One glance at the Las Vegas Strip makes it clear that Southern Nevada
is a center of creativity.
New ideas, catchy phrases and eye-catching displays battle to attract attention.
But the city also is a danger zone for thieves who hope to profit from that creativity by appropriating protected trademarks or concepts for their own use.
"This is a city built on ideas," said Mark Tratos, one of the top intellectual property lawyers in the country. "When you have ideas, some ideas are so good that everybody's going to emulate them."
Most major casino companies and gaming equipment manufacturers employ their own intellectual property experts.
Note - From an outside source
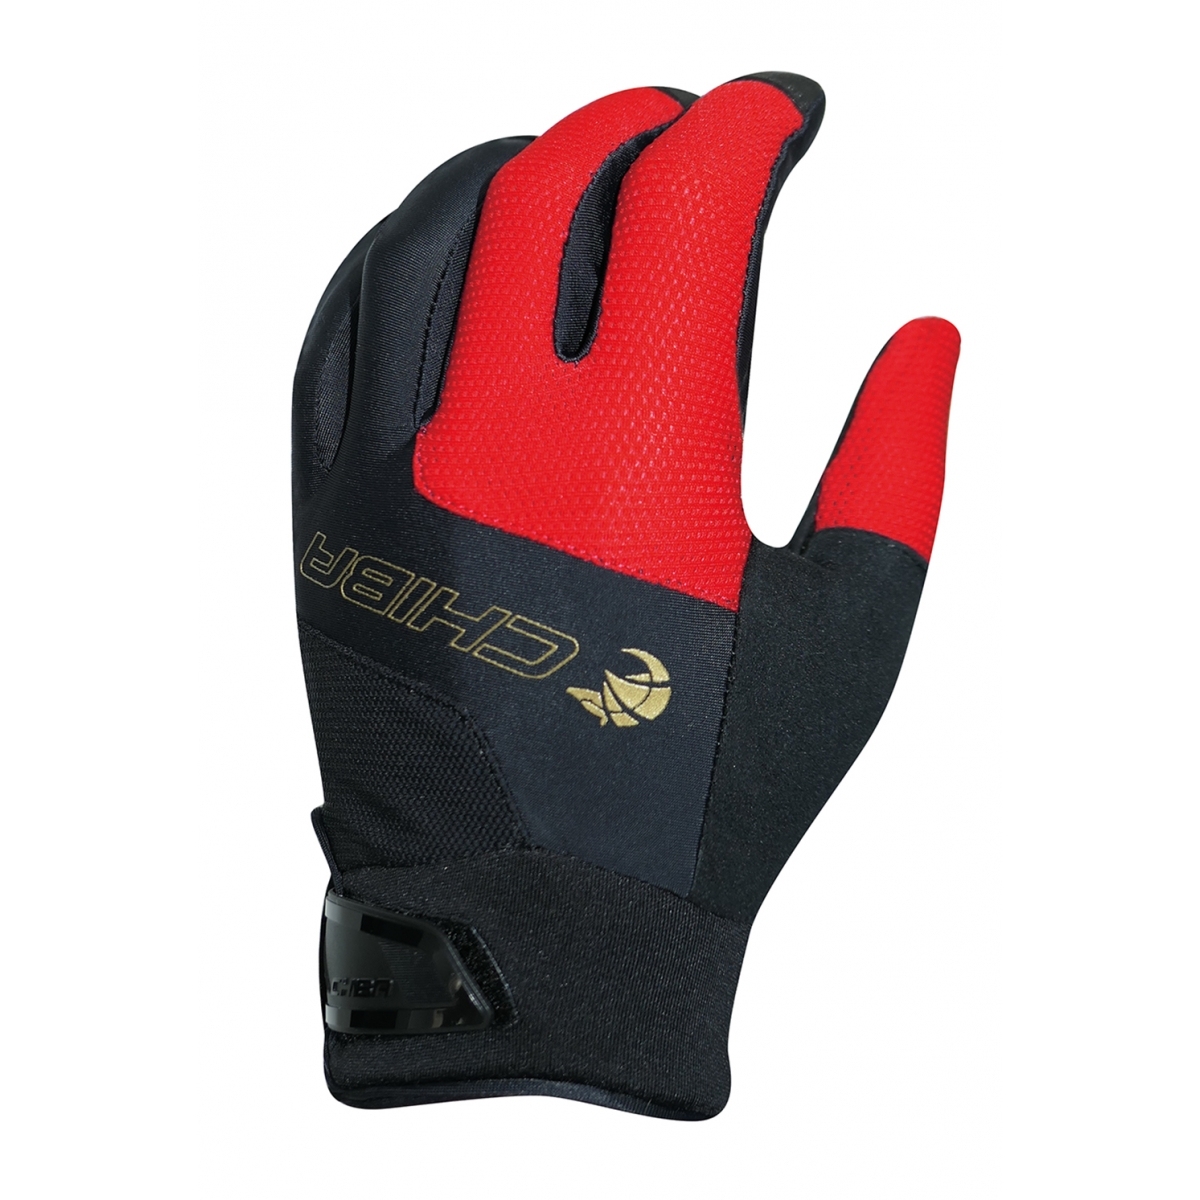 Image of Chiba Viper Cycling Gloves - red

Their responsibilities are twofold: They protect their companies' assets from patent trolls and cybersquatters while making sure their own companies don't trample on someone else's intellectual property.
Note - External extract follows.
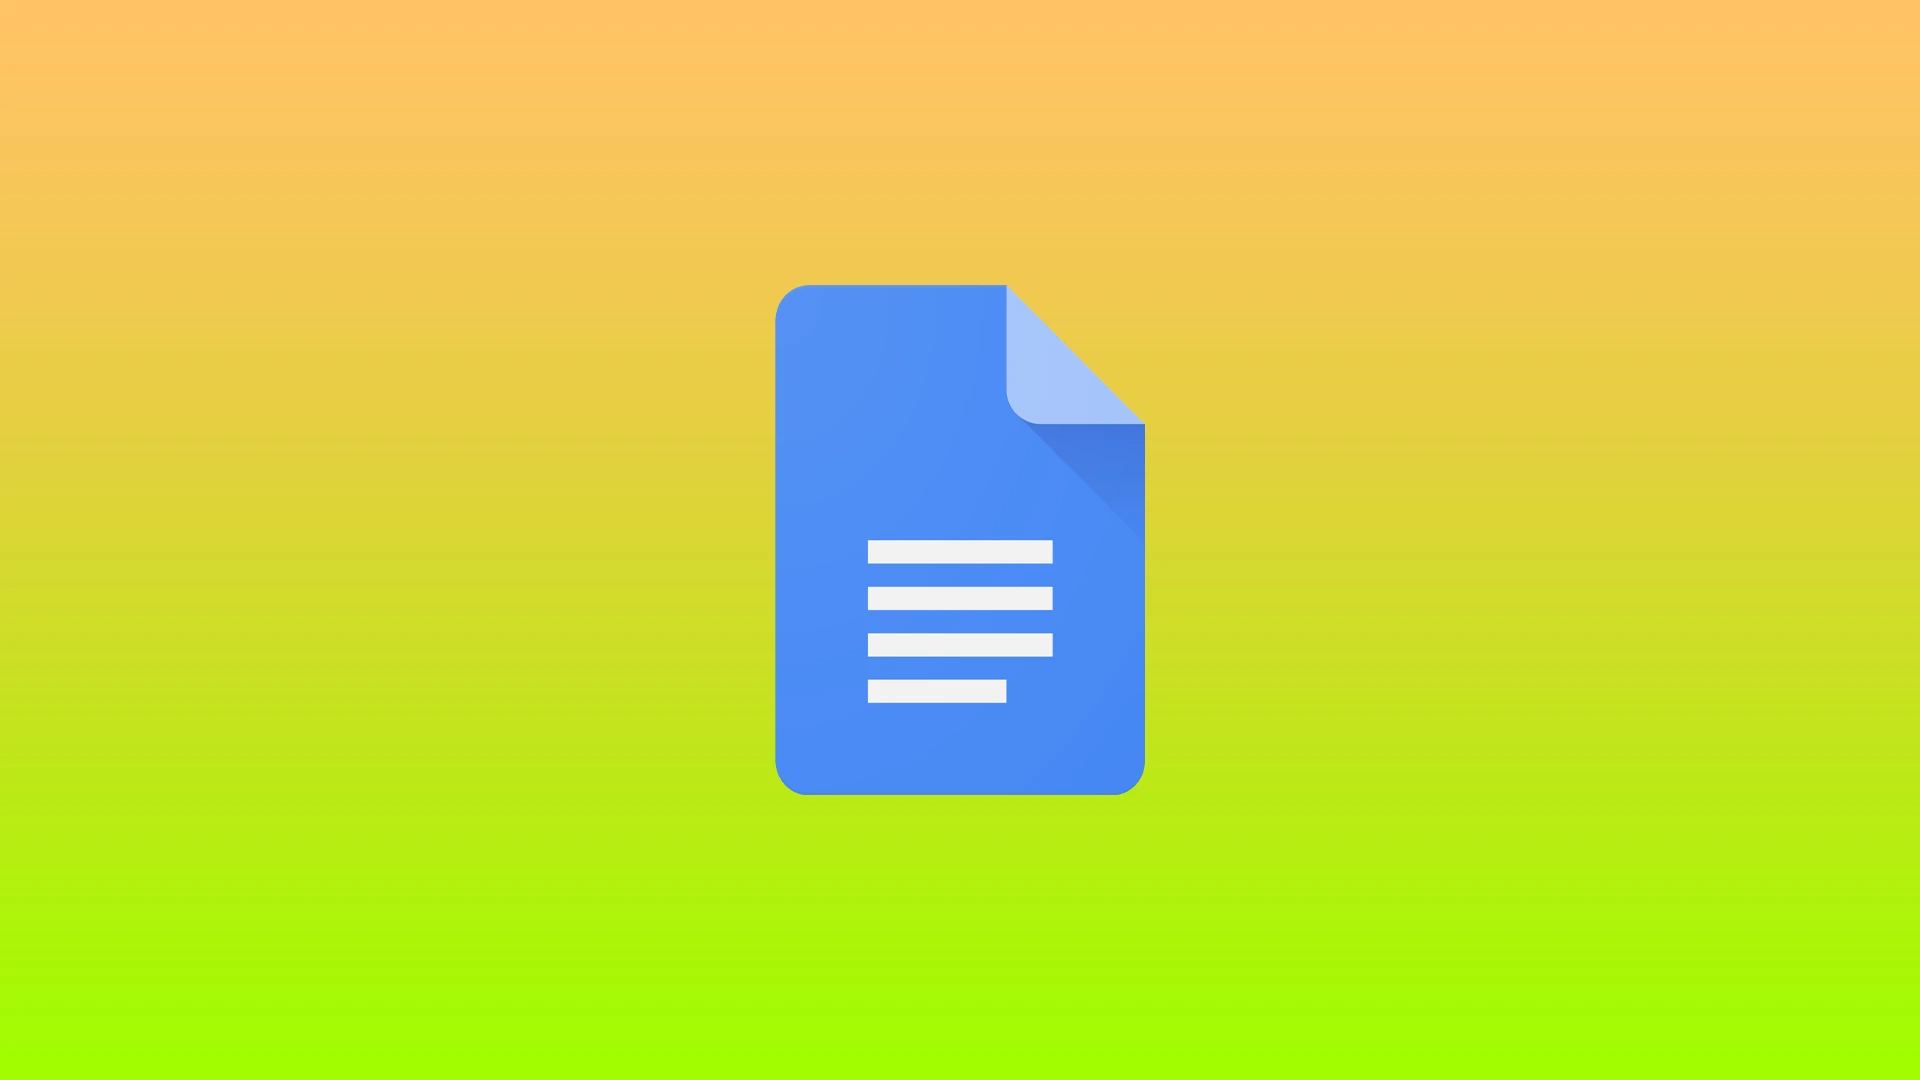 How to add watermark to Google Docs

"It's something that all the major manufacturers in our industry take very seriously and spend a lot of resources toward," said Lars Perry, vice president of intellectual property for Bally Technologies, a Las Vegas-based slot machine and gaming systems manufacturer.
What exactly is intellectual property?
The U.S. Patent and Trademark Office defines it as a brand name: "A trademark or service mark includes any word, name, symbol, device or any combination, used or intended to be used to identify and distinguish the goods and services of one seller or provider from those of others and to indicate the source of the goods and services."
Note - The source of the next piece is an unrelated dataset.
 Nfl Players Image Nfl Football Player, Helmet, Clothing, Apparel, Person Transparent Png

Tratos, a shareholder with Greenberg Traurig, breaks it down even further.
He said there are five major categories of intellectual property: copyrights, patents, trademarks and service marks, trade dresses and related rights of privacy, and publicity.
A copyright gives the creator of an original work -- such as a book, score, painting or blueprint -- exclusive rights to use it. A patent does the same for an invention or process. Both can be registered by the Patent and Trademark Office.
Patent challenges often arise when trying to determine whether an invention actually is new, said Mary LaFrance, an intellectual property law professor at the William S. Boyd School of Law at UNLV.
"It can be difficult to distinguish whether something is sufficiently new and different to be eligible for a patent," LaFrance said. "Standards are statutory, but they are a little vague, and every analysis is very fact intensive. So it often winds up in court."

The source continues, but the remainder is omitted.